Task-based dynamic functional connectivity: Recent findings and open questions
Introduction
In neuroscience, functional connectivity (FC) usually refers to the degree of co-variation between spatially distributed signals emanating from the brain and recorded with different functional neuroimaging techniques such as functional magnetic resonance imaging (fMRI (Biswal et al., 1995)), electro-encephalography (EEG (Babiloni et al., 2005)), magneto-encephalography (MEG (Brookes et al., 2011)), functional near infrared spectroscopy (fNIRS (Lu et al., 2010)), and electrocorticography (ECoG (Antony et al., 2013)).

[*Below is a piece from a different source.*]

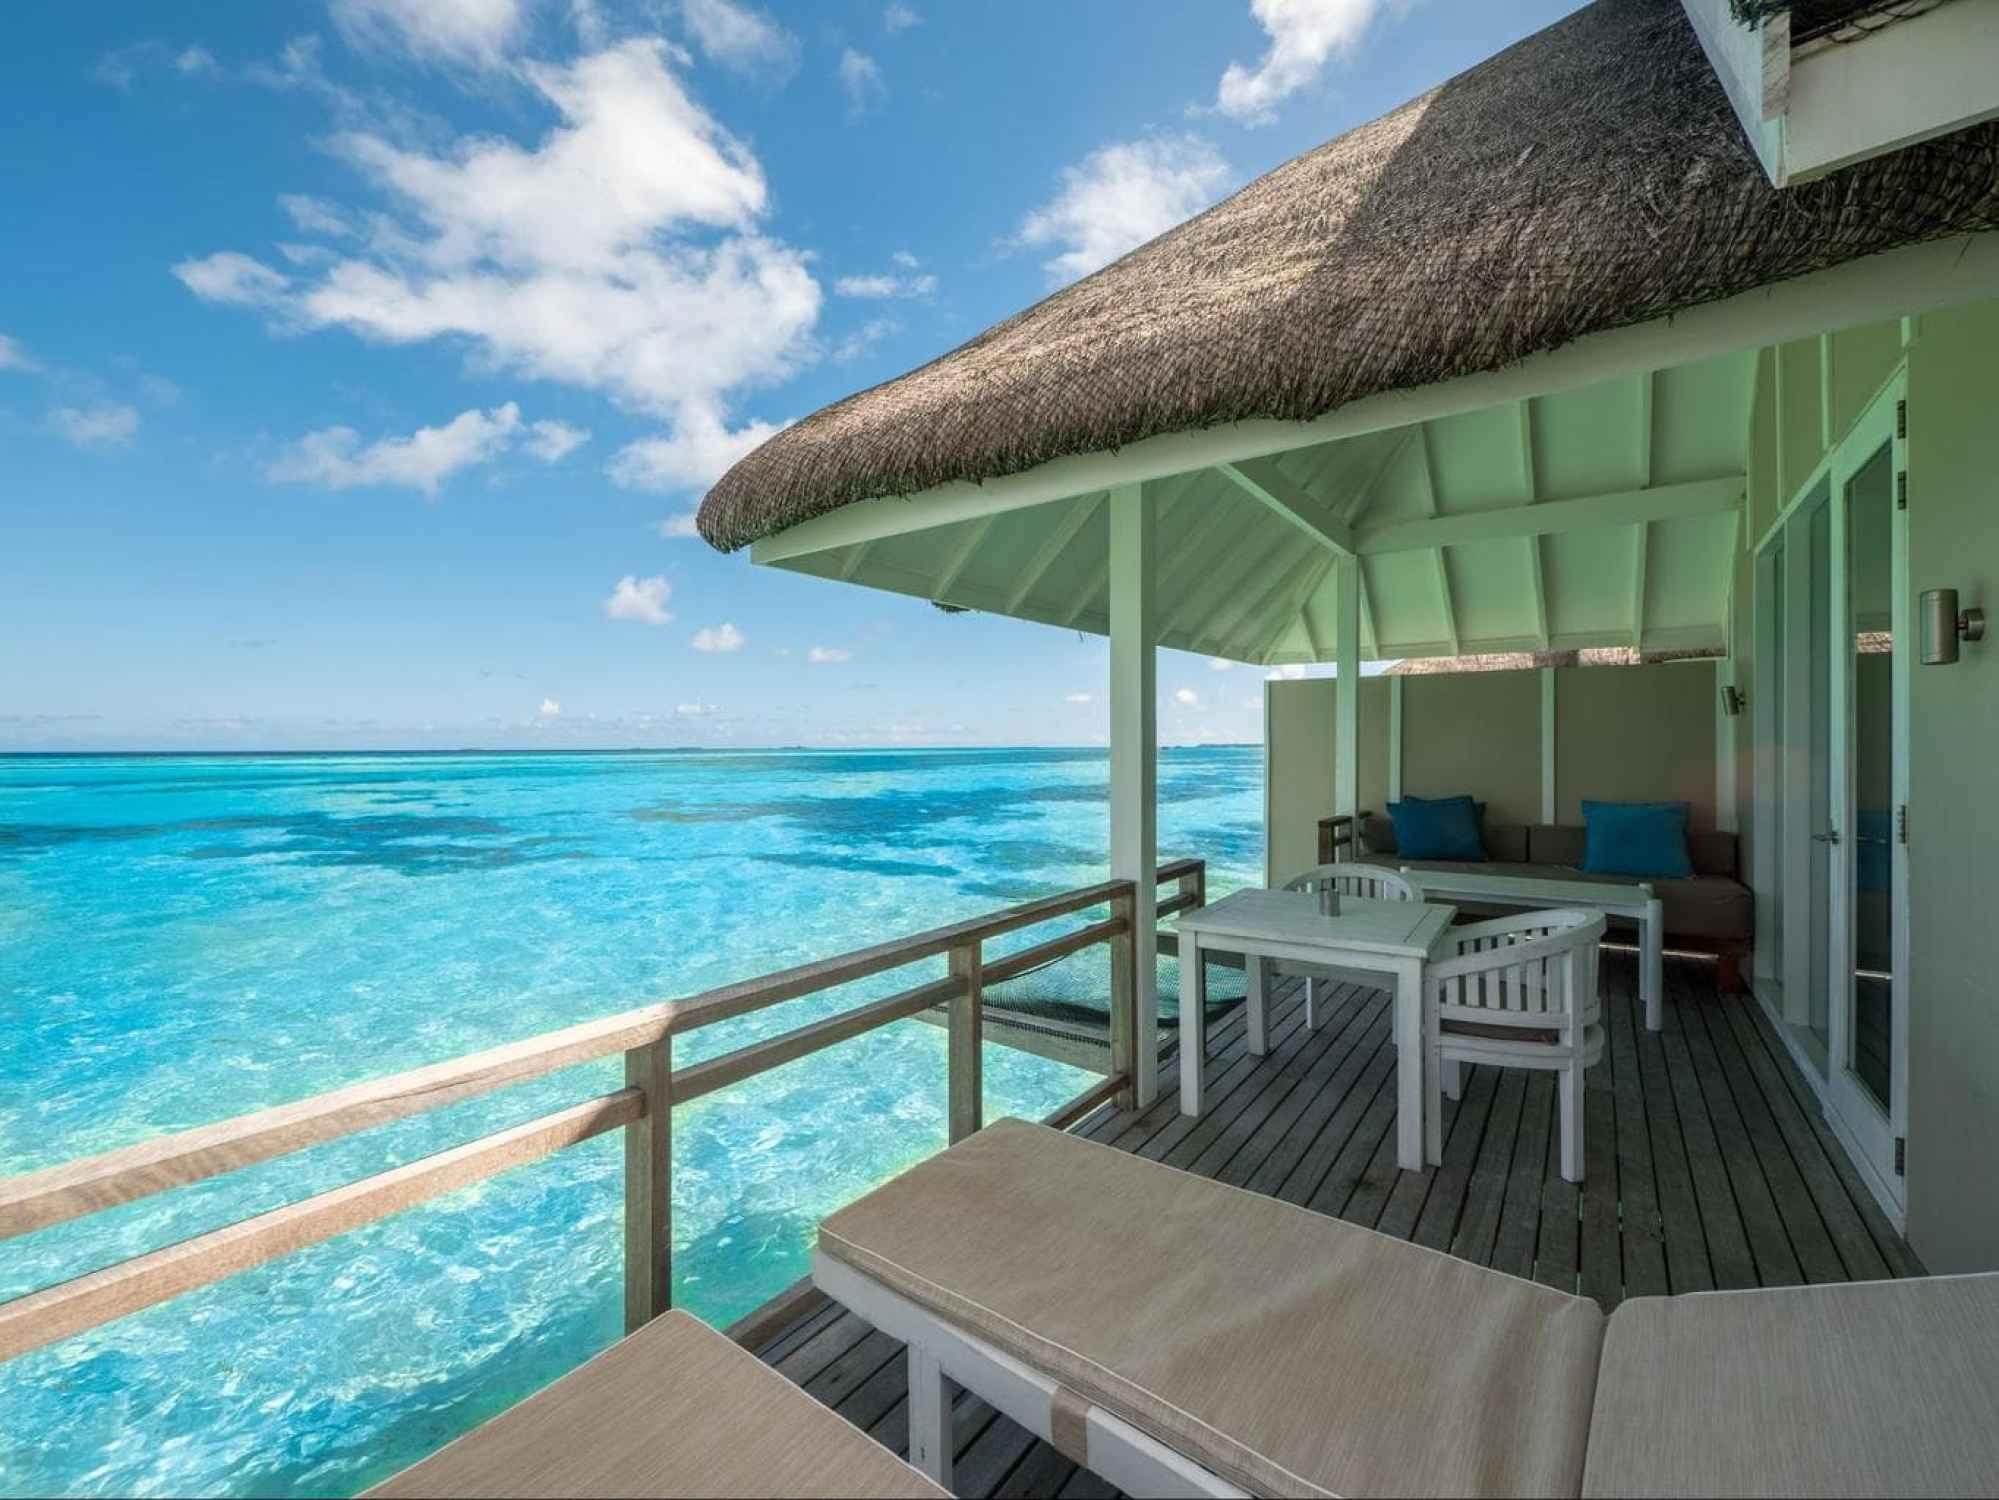 Outdoor deck at LUX* Maldives South Ari Atoll

FC studies are most commonly conducted under resting conditions (i.e., without any external stimulation or task demands), yet understanding how environmental stimuli and cognitive demands modulate FC is also the subject of rigorous research.
As explained elsewhere in this special issue [Ref Needed], rest-FC is known to be dynamic, with FC patterns evolving in biologically meaningful ways at temporal scales ranging from years—as it is the case with developmental FC changes (Dennis and Thompson, 2014)—to seconds (Chang and Glover, 2010). The same is true when tasks or external stimuli are present. For example, mastering motor skills over the course of weeks is accompanied by increased autonomy of sensorimotor systems and independence from cognitive control hubs (Bassett et al., 2015). At shorter temporal scales, FC patterns computed over tens of seconds contain sufficient information to determine the task with which subjects are actively engaged (Gonzalez-Castillo et al., 2015, Shirer et al., 2012). Yet, whether rest-FC and task-FC dynamics are two manifestations of the same underlying neuronal phenomenon, or the result of distinct ones is still under debate; particularly when referring to short temporal scales (e.g., seconds to minutes).
One interpretation is that short-term rest-FC dynamics are, at least partially, explained by unconstrained ongoing cognition unfolding as subjects are allegedly at rest (Doucet et al., 2011). As such, under this framework, dynamic FC at both rest and task are tightly related from a mechanistic perspective. This view is reinforced by research showing that resting state is characterized by at least seven different cognitive phenotypes—namely, discontinuity of mind, theory of mind, self, planning, sleepiness, comfort and somatic awareness (Diaz et al., 2013)); and that it is not uncommon for subjects to engage in a variety of self-paced tasks, such as inner-speech or memory retrieval, during a rest scan (Hurlburt et al., 2015). Moreover, consciousness is often envisioned as an incessant gush of cognitive processes (William James “stream of consciousness”), which are present during awake rest and hypothesized to manifest as dynamic changes in FC (Barttfeld et al., 2015).
Rest-FC dynamics have also been reported during sleep (Larson-Prior et al., 2009) and anesthesia (Hutchison et al., 2013, Keilholz et al., 2013). Although recent research has shown that the complexity of FC dynamics decreases in proportion to degree of consciousness (Amico et al., 2014, Barttfeld et al., 2015), the fact that some level of dynamic FC remains during such unconscious states has been cited as an argument to reject ongoing cognition as a primary driver of dynamic FC. One alternative hypothesis, as to the origin of resting FC dynamics, is that rather than embodying specific cognitive operations, dynamic FC is a manifestation of the brain continuously exploring an array of available cognitive architectures. And, that such pseudo-random exploration offers advantages in terms of response time and sensitivity to upcoming environmental stimuli (Deco et al., 2013). Computational simulations based on noise-driven exploration of this landscape of possible dynamic states have been able to produce dynamic FC behaviors like those observed empirically (Hansen et al., 2014); therefore, supporting the plausibility of this alternative role of dynamic FC.
Finally, using multivariate kurtosis—a forth order statistic proportional to the sampling variability of the covariance matrix (e.g., the connectivity matrix)—to evaluate the temporal stability of rest-FC, Laumann et al. (2016) argued that rest-FC dynamics are mostly an artefactual consequence of sampling variability and head motion, and that fluctuating sleep states are the only physiological factor leading to dynamic FC behaviors during rest. Similar viewpoints have been expressed by others using simulations and both fMRI (Hindriks et al., 2015) and EEG data (Hlinka and Hadrava, 2015). It is worth mentioning within the context of this review that, in that same study, Laumman et al. found that task performance did indeed modulate multivariate kurtosis (their test of non-stationarity), suggesting that external tasks can in fact alter short-term FC.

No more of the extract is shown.